Executable pipeline from artifact/visualization provenance

Hunter_Cameron · June 26, 2019, 8:17pm

I was wondering if it would be of interest to have the ability to extract the qiime2 commands needed to rerun a workflow from an artifact's proveneance? Does this already exist?

The envisioned use case is for reproducing workflows to apply to new datasets or to run similar analyses with modified parameters. For instance, if you supplied a PCoAResults artifact, it would output a pipeline that could be used to generate that PCoA (possibly with changing some of the parameters along the way).

This implies the existance of a Pipeline semantic type and also some new actions dumping a Pipeline from an artifact and for running a pipeline as loaded from the new Pipeline artifact. I'd imagine it could be nice to have the same functionality for visualizations as well.

It might take some thought for how to specify inputs for the pipeline (since it would be loaded as input for the run command) but it is something I wouldn't mind working on if this feature would be of enough use to the community.

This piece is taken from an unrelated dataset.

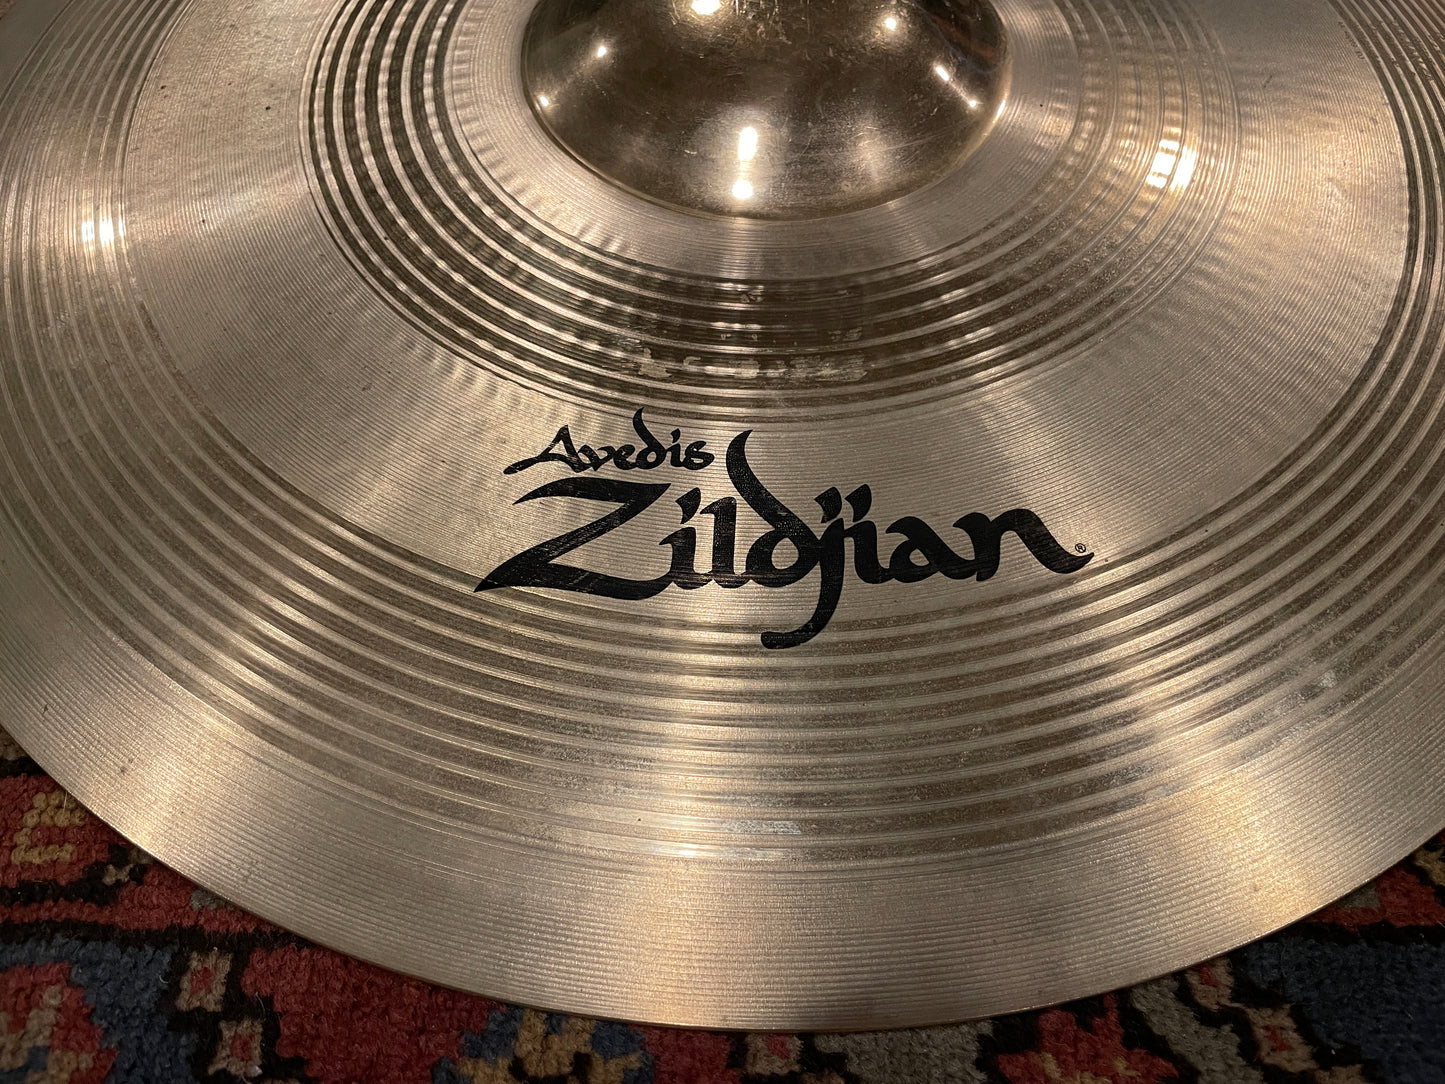 21" Zildjian A Custom Rezo Ride Cymbal 3220g

ebolyen · July 1, 2019, 4:22pm

Hi @Hunter_Cameron!

It just so happens that @thermokarst and I are working on a fundamental part of this right now!

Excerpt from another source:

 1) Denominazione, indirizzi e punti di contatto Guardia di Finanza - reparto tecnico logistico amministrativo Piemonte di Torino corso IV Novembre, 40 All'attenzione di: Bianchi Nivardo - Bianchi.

We are calling the feature the "Usage API", it will be a way to abstractly describe QIIME 2 actions, which will allow us to support inline usage examples, integration testing, multiple interface documentation, and provenance execution/templating!

Right now we're still ironing out the gritty details but we should have something merged into the master branch soon. Once that is in, we would love some help with provenance replay/parsing. The idea here would be some part of QIIME 2 would be responsible for reading provenance (straight-forward, but technically not attempted outside of q2view). Then it can dispatch Usage API calls to implentations, which would allow us to do anything from executing directly, to writing out CLI commands which are equivalent.

I think you've brought up some good points with respect to the need to describe alternative inputs, and that's an area I haven't personally thought too much about yet.

One idea would be to have some kind of "parsed pipeline" object and then you "subtract out" inputs (not sure how to reference a specific input, but maybe UUID?).

I think this feature would be huge, and we would of course love the help. Let me know if you'd like to schedule a call (maybe in August?, we're a little scattered from travel this month).

In the meanwhile, this thread could be a great place to discuss potential APIs for the end-user.